COS 91-6 - What social and ecological factors drive collective efforts to manage invasive plants on community forest land over time?

Thursday, August 15, 2019: 3:20 PM
M101/102, Kentucky International Convention Center
Abigail Sullivan1, Scott T. Yabiku2, Abigail M. York3, Michele D. Clark4, Li An5, Sharon J. Hall4 and Dirgha J. Ghimire6, (1)Environmental Resilience Institute, Indiana University, Bloomington, IN, (2)Population Research Institute and Department of Sociology and Criminology, Pennsylvania State University, PA, (3)School of Human Evolution and Social Change, Arizona State University, Tempe, AZ, (4)School of Life Sciences, Arizona State University, Tempe, AZ, (5)Department of Geography, San Diego State University, San Diego, CA, (6)Population Studies Center, University of Michigan, Ann Arbor, MI
Background/Question/Methods

Institutional research has discovered much about what drives collective action to manage common pool resources, including factors such as information availability, risk perceptions, environmental degradation, and efficacy.

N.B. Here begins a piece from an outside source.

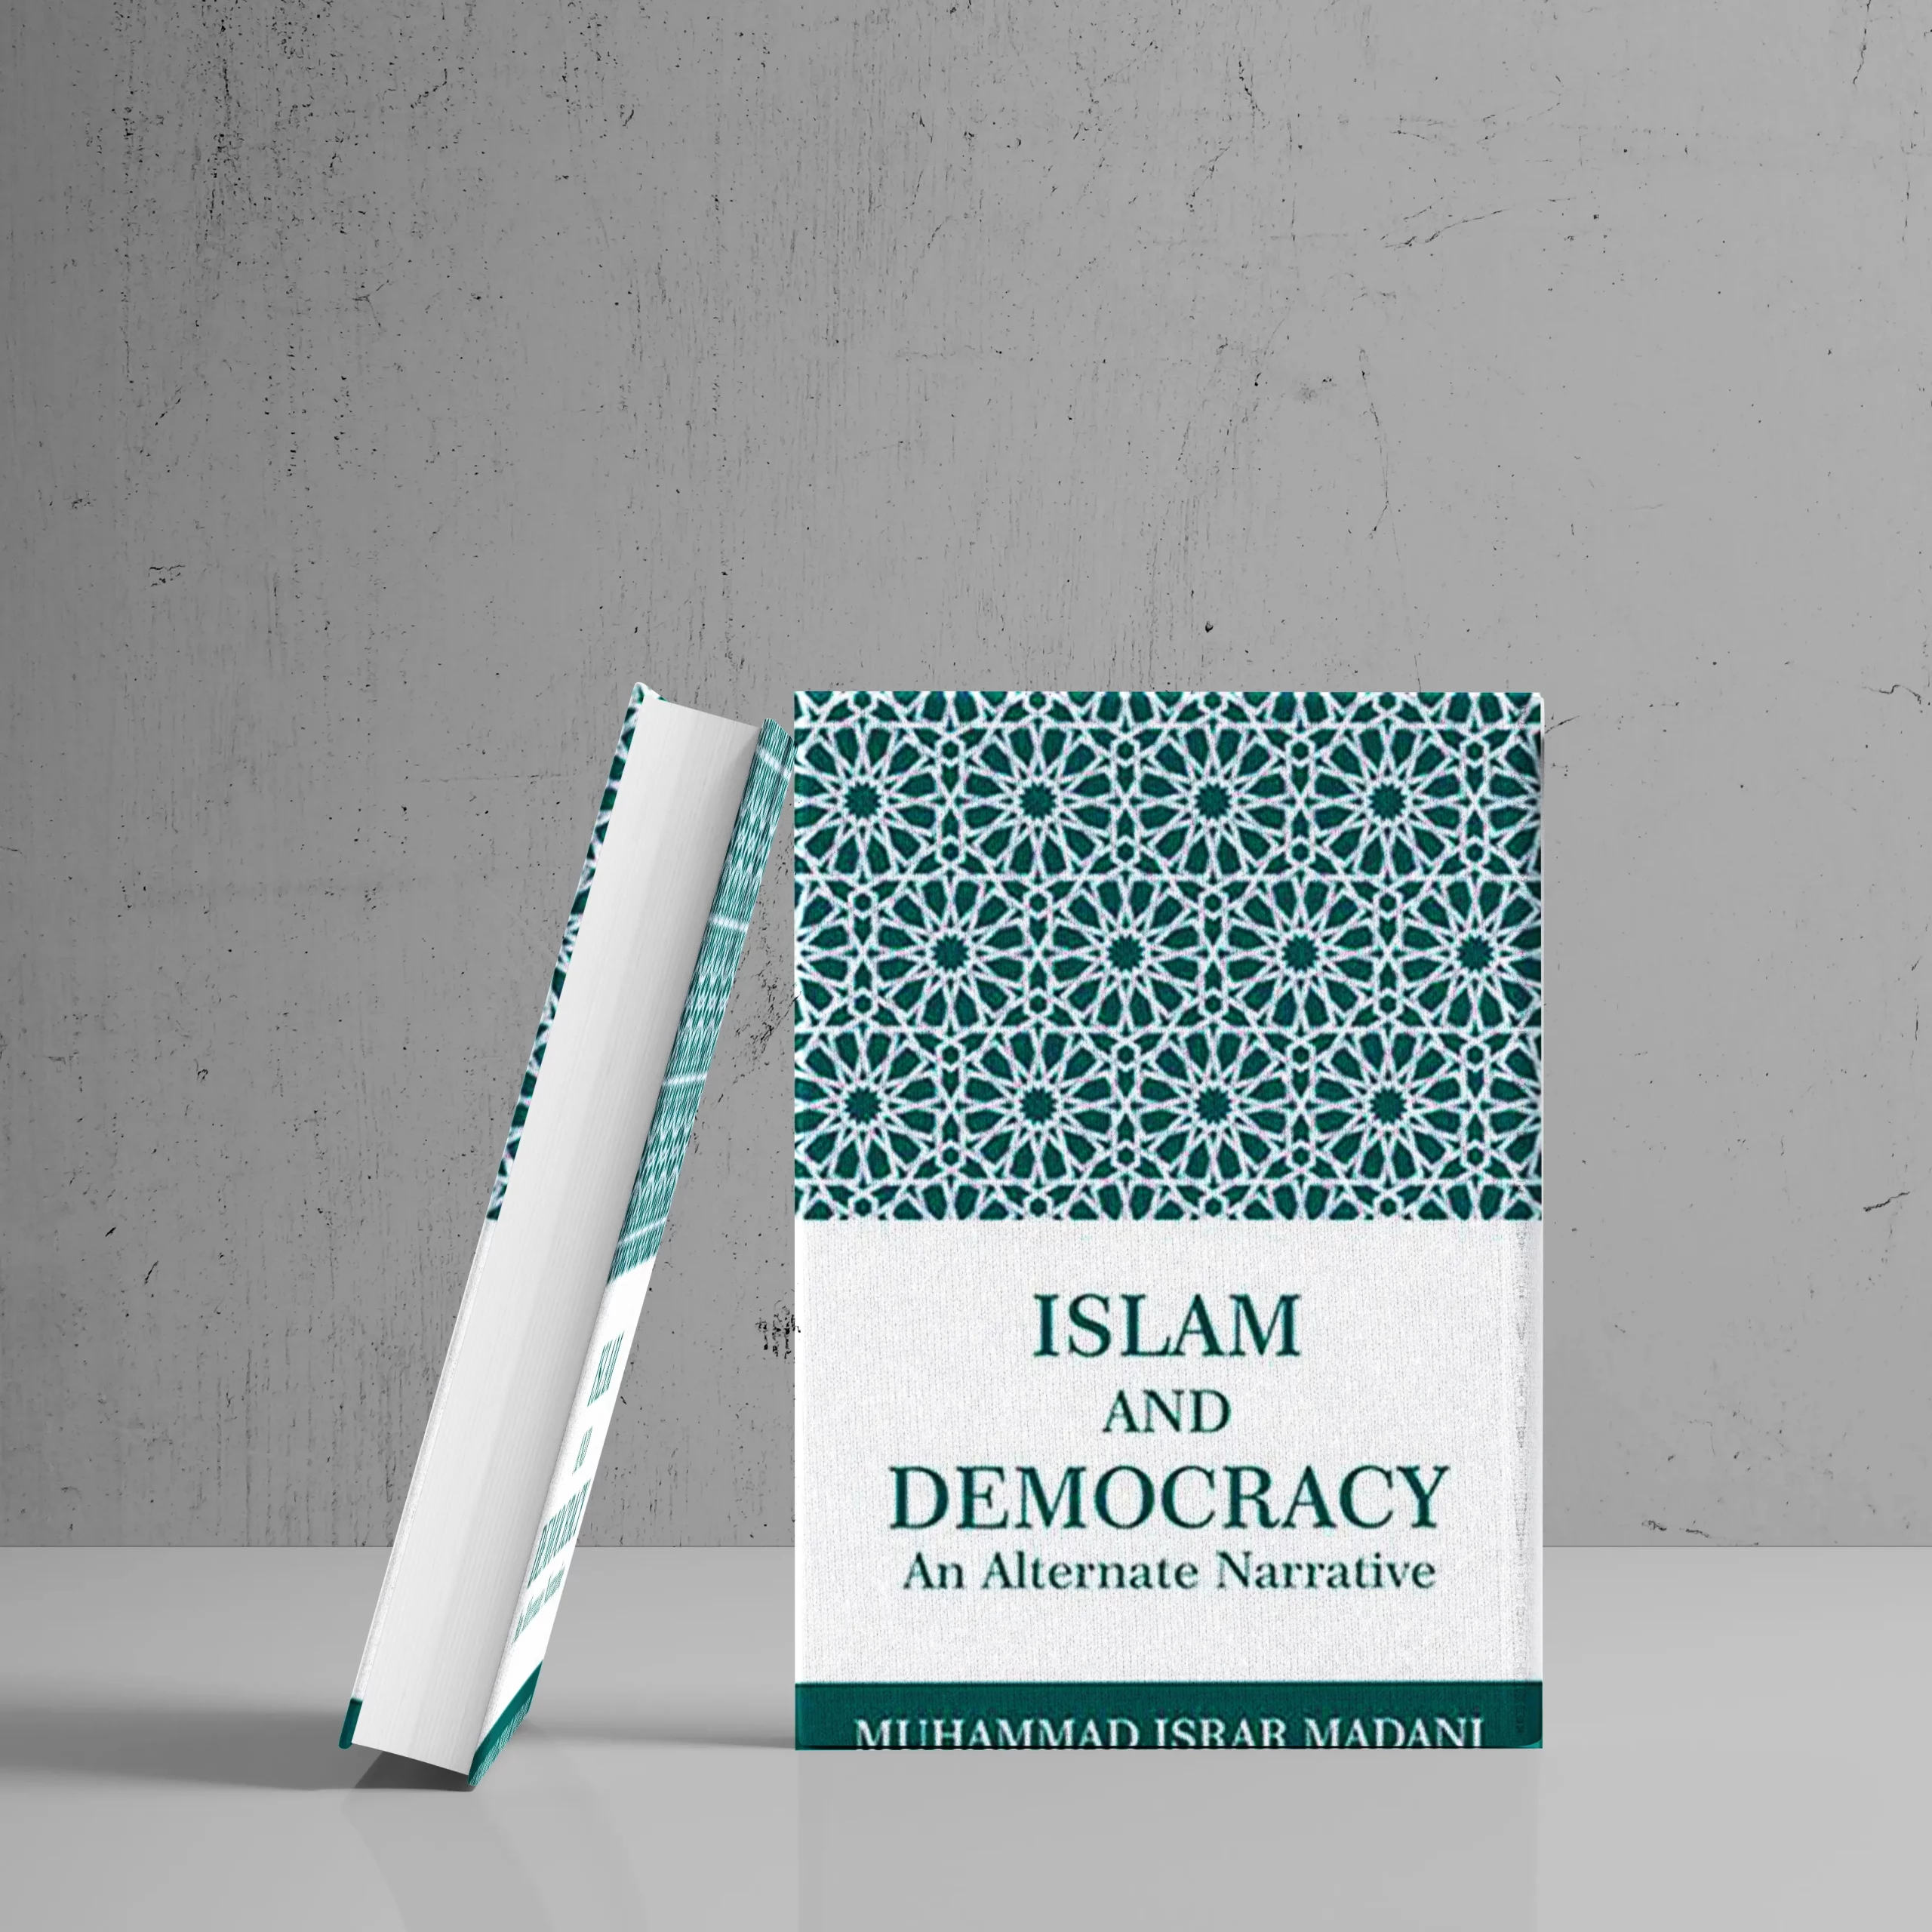 Islam And Democracy: An Alternative Narrative

In a 2017 analysis of collective efforts to manage an invasive plant, the mile-a-minute weed (Mikania micrantha), in subtropical Chitwan, Nepal, we found risk perceptions, reliance on forest resources, and sociodemographic variables (at both household and community forest user group levels) were positively associated with collective action. Researchers have called for studies of sustainable natural resource use that incorporate: social and ecological data, quantitative and qualitative data, larger sample sizes, more sophisticated methods, and/or comparative cases. It has been argued that addressing these areas will improve our ability to generalize findings and produce actionable research. In this research, we incorporate social and ecological data to analyze efforts by community members to manage invasive plants (M. micrantha and Chromolaena odorata) present in locally governed community forests in Chitwan. We combine household surveys (N = 1041), ecological surveys (>1000 plots), and spatial data in a Bayesian hierarchical model to explore changes in collective action since initial household surveys in 2014.

Results/Conclusions

The preliminary results identify key drivers of collective action over time, including perceptions of invasive plants within and around Chitwan National Park as harmful and sociodemographic variables. The social-ecological systems approach indicates that household perceptions of the presence of invasive plants are more influential in collective action decisions than the actual, ecologically-measured, presence of the plants. We highlight the policy implications of our findings (e.g., designing policies that motivate collective action and equitable resource management) and add to research proposing that integrating social and ecological data leads to scientific and policy insights not otherwise possible. In addition to furthering our understanding of what motivates collective action, the Bayesian approach offers several benefits to social-ecological systems research, including uncertainty quantification, a particularly useful element for decision makers.